The article continues:

“However, the trend has accelerated in the past five years since the onset of the international banking and financial crisis, the consequent recession in the UK and the imposition of austerity measures by the government.

In just five years since April 2007, prices have risen by 18%, while average annual earnings have gone up by just 10%.

That has left wages and salary increases lagging behind inflation by 8% in just five years.”

It’s curious how the author makes no attempt to explain the original cause of this impoverishing trend in the UK, but is confident that they know the cause of its recent acceleration and merely states these, perhaps in the hope that the reader will not consider the preceeding 7 years of declining purchasing power of the average wage earner before the “international banking and financial crisis” happened. The author chooses to ignore the elephant in the room.

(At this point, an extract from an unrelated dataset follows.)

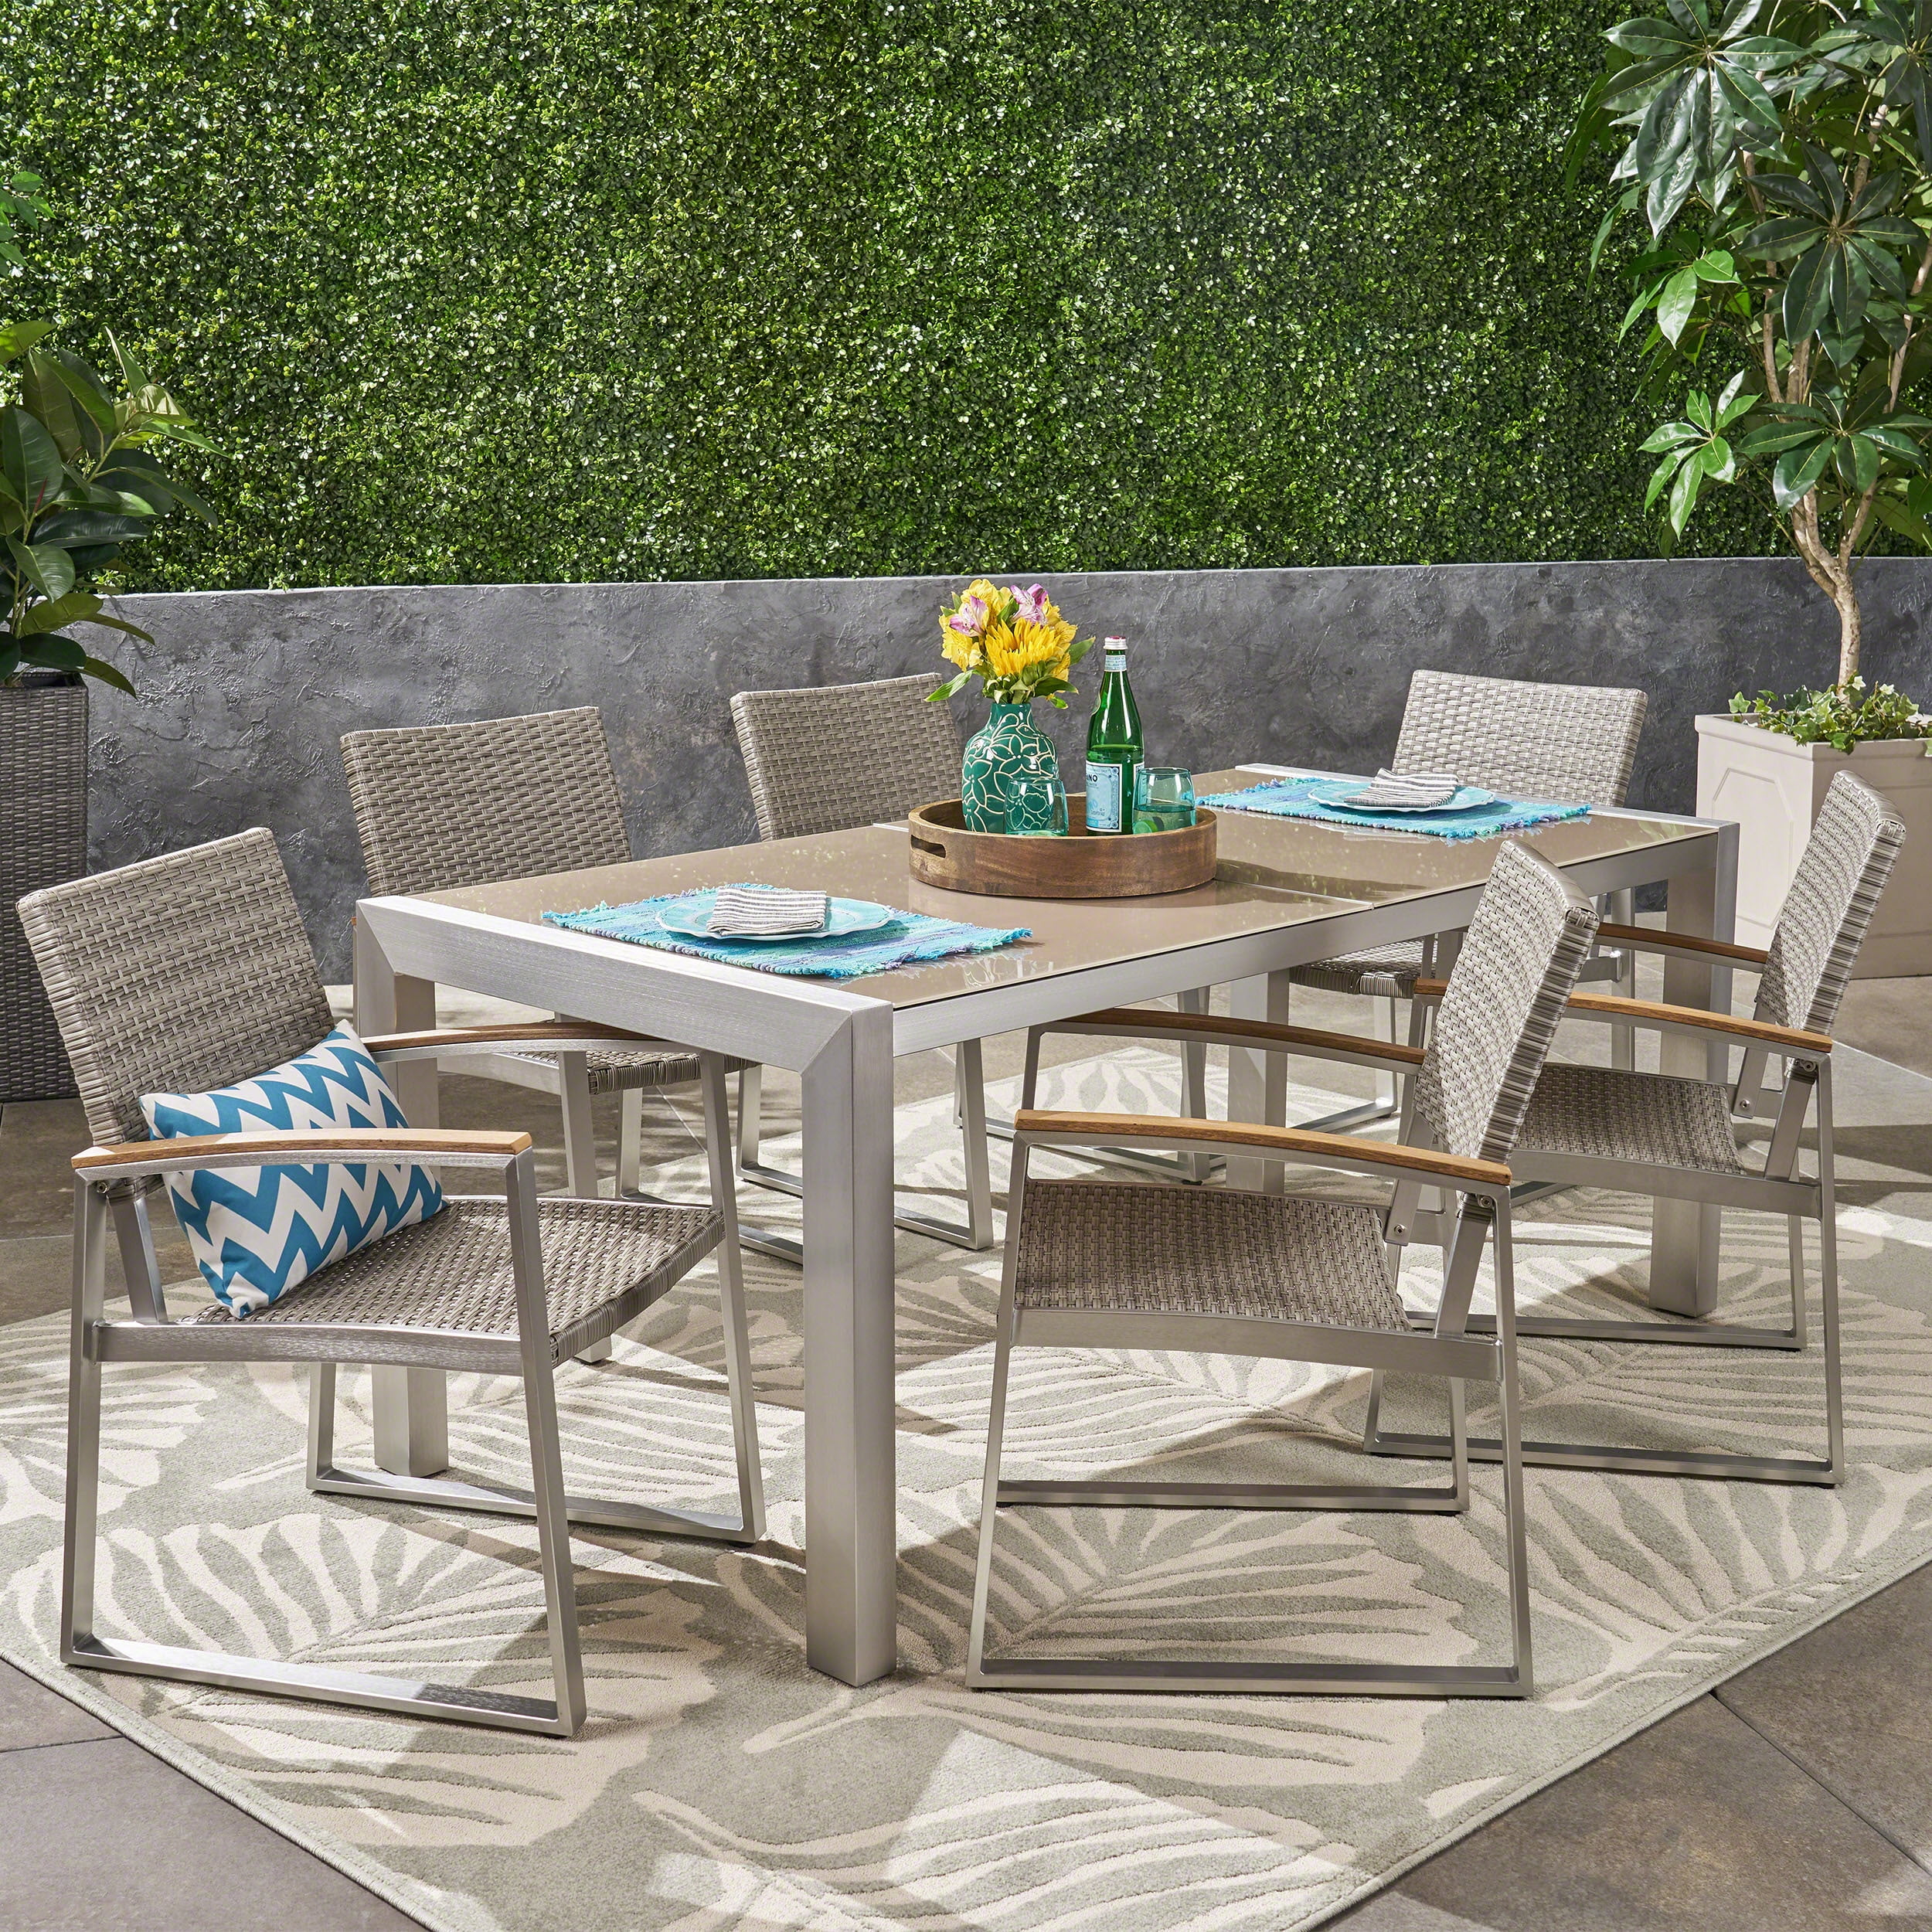 Wicker Outdoor Dining Table With Glass Top - Aiden Outdoor Wicker Side ...

The author also makes the error of believing in the myth of austerity. The UK government (like most others in Europe) is borrowing money at more or less the same rate as it was before the global financial crisis. That’s not austerity. That’s just doing what you were doing before. If you insist on calling it austerity, then what they were doing before was also austerity. The author has no excuse for not knowing that government is continuing to deficit finance like there’s no tomorrow as this is a fact that can be easily verified through the data collected by the ONS; the very same source the author is using for the data in this article.

When the UK government does finally stop deficit financing it will be because it is broke, not because it has elected to impose austerity measures.